- EXERCISE PROMPT: Print exactly the lines of the listing below from the one containing "MailChimp domínios verificados" through the final line, both included, and no pictures.

- DATASET EXCERPT:
|---|

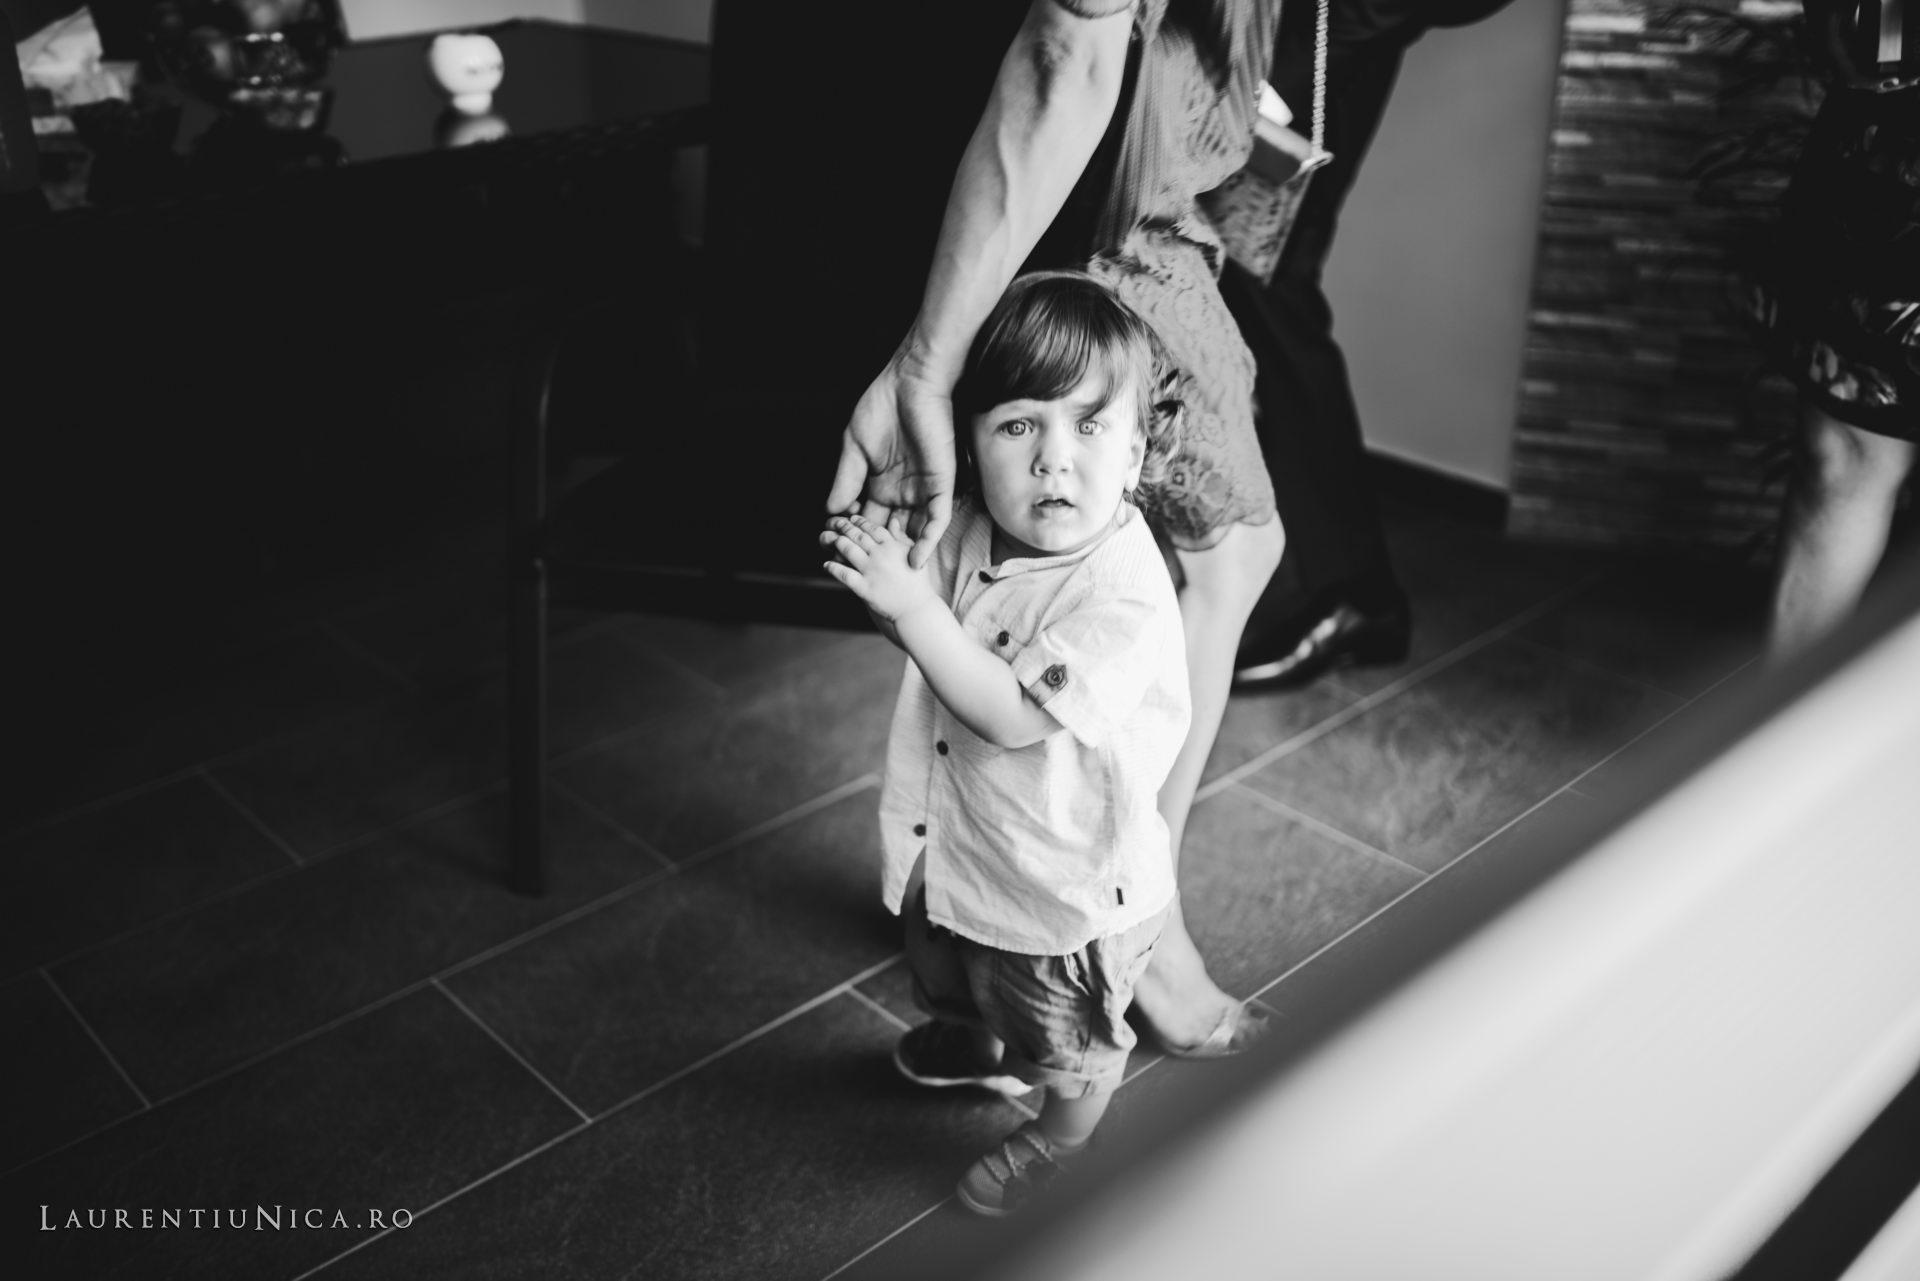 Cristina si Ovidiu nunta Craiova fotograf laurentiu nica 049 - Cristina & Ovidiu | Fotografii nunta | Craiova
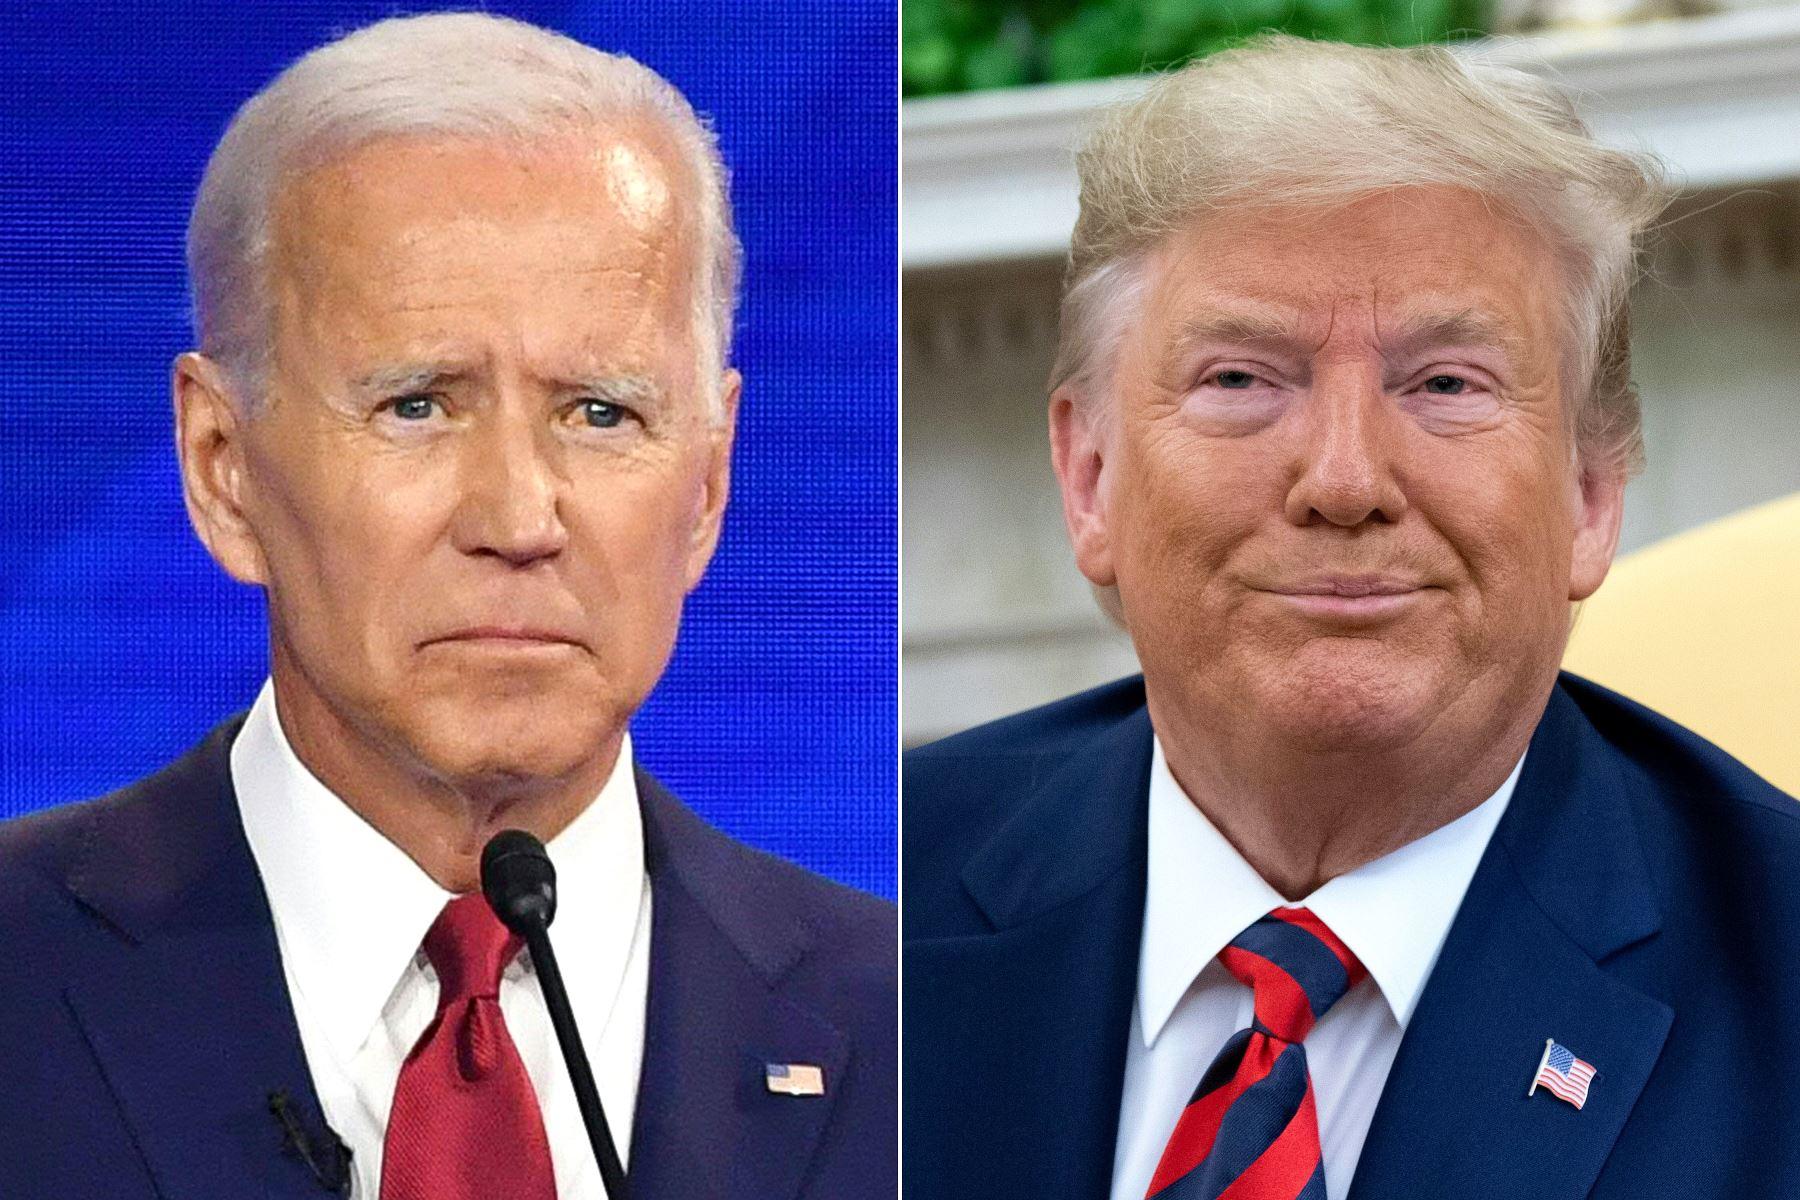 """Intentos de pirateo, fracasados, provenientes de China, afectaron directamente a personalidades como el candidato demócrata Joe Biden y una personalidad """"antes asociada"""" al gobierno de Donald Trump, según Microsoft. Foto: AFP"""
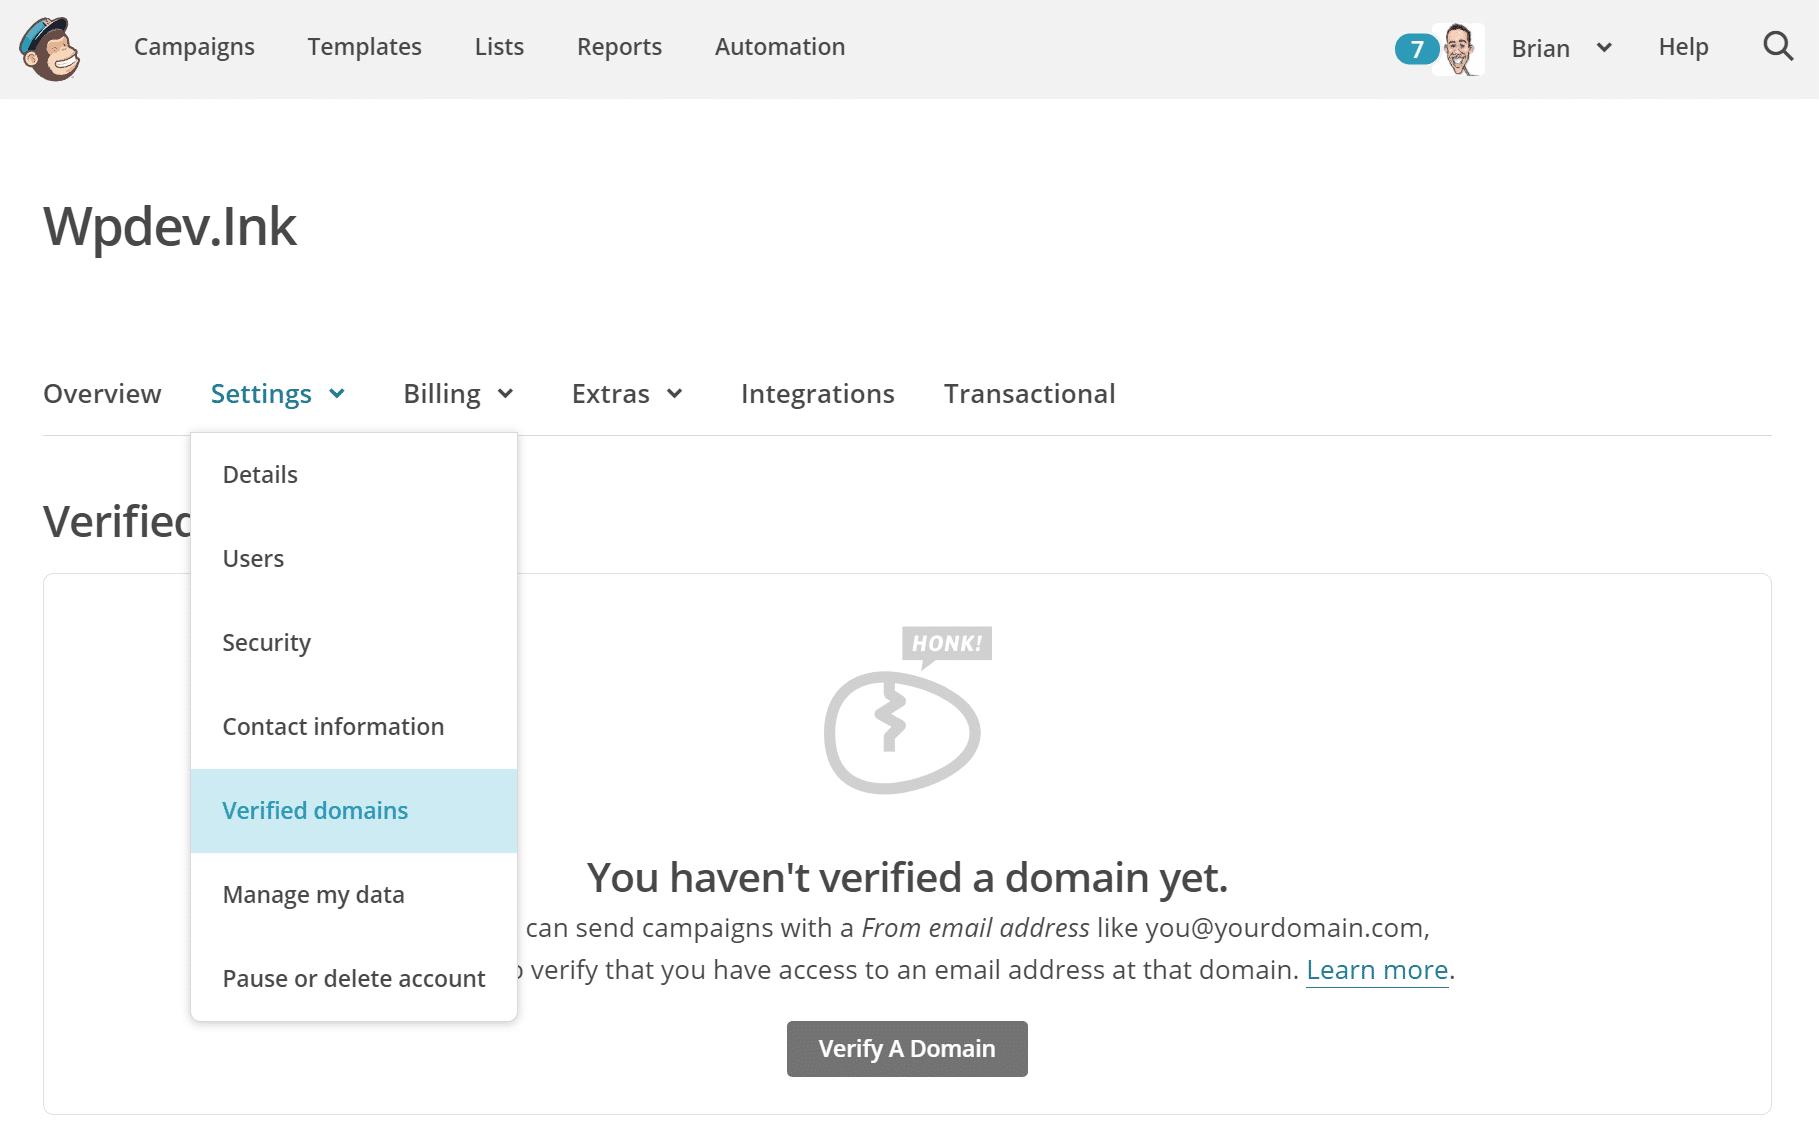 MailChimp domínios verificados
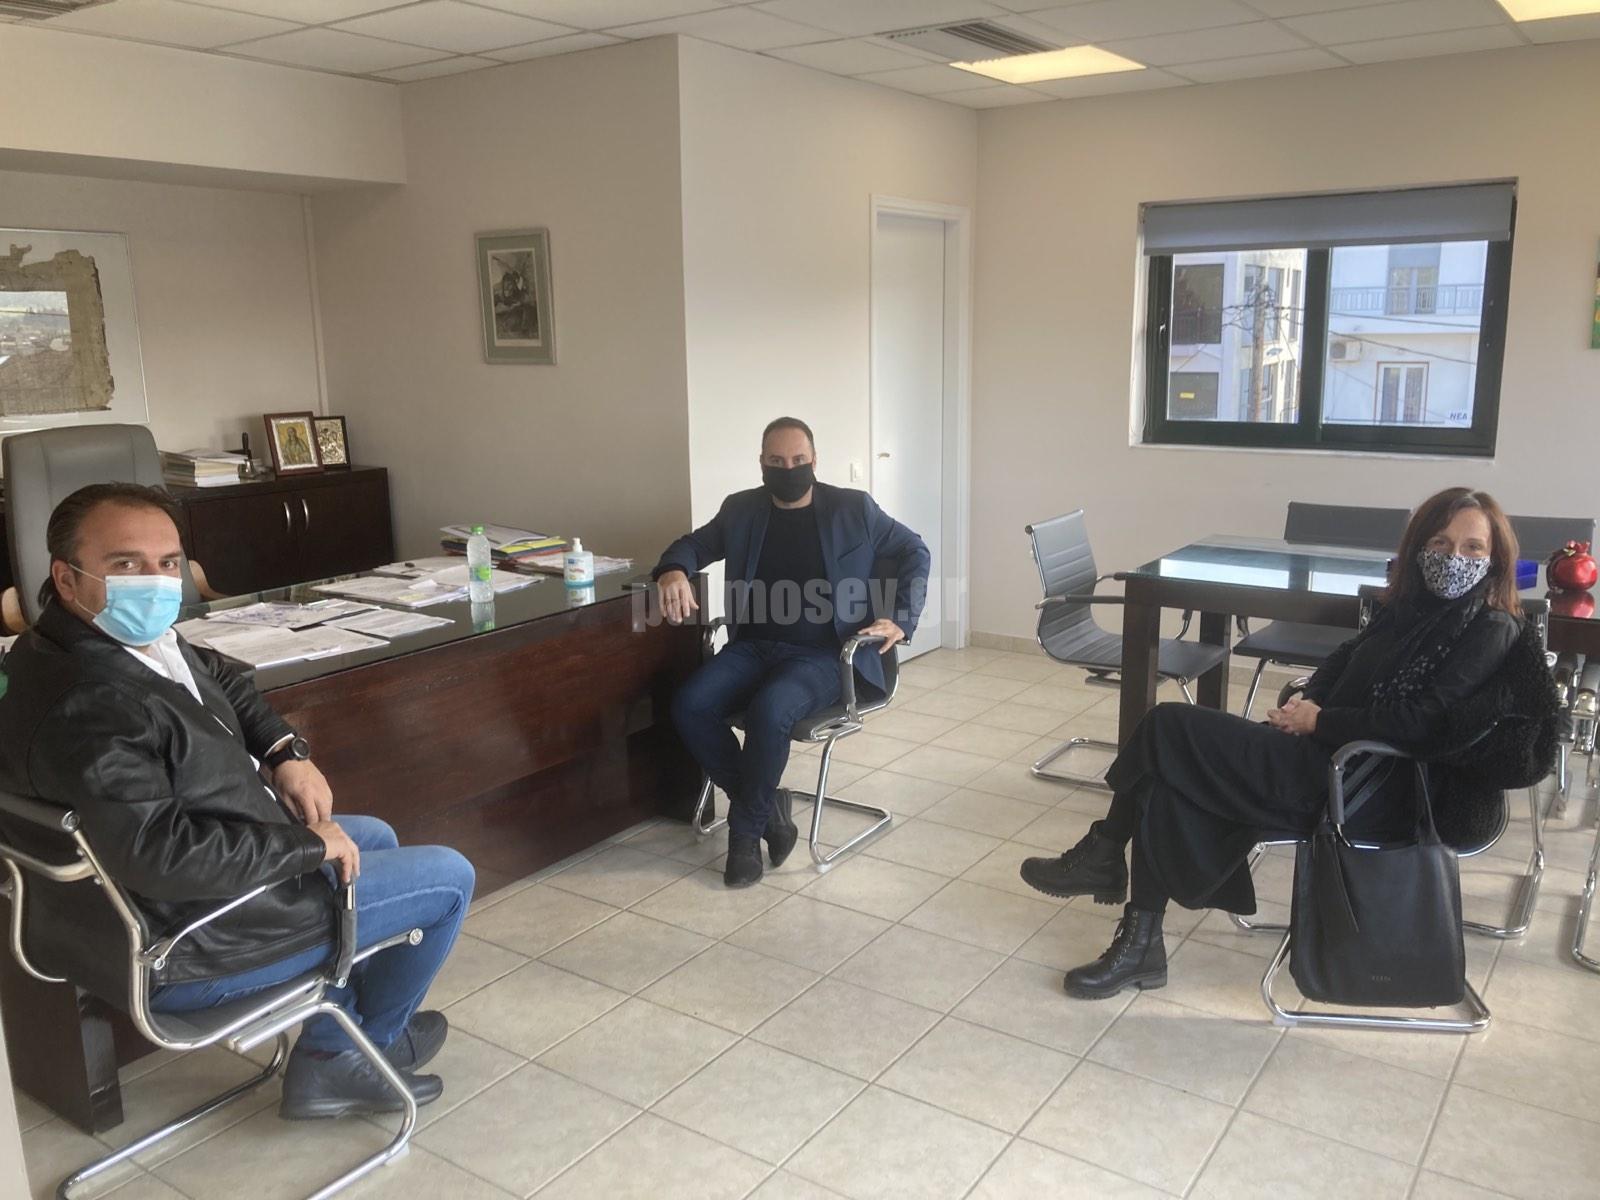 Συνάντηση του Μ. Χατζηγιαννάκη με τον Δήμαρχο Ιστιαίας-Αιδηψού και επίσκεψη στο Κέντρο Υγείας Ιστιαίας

|---|

- REPLY:
 MailChimp domínios verificados
 Συνάντηση του Μ. Χατζηγιαννάκη με τον Δήμαρχο Ιστιαίας-Αιδηψού και επίσκεψη στο Κέντρο Υγείας Ιστιαίας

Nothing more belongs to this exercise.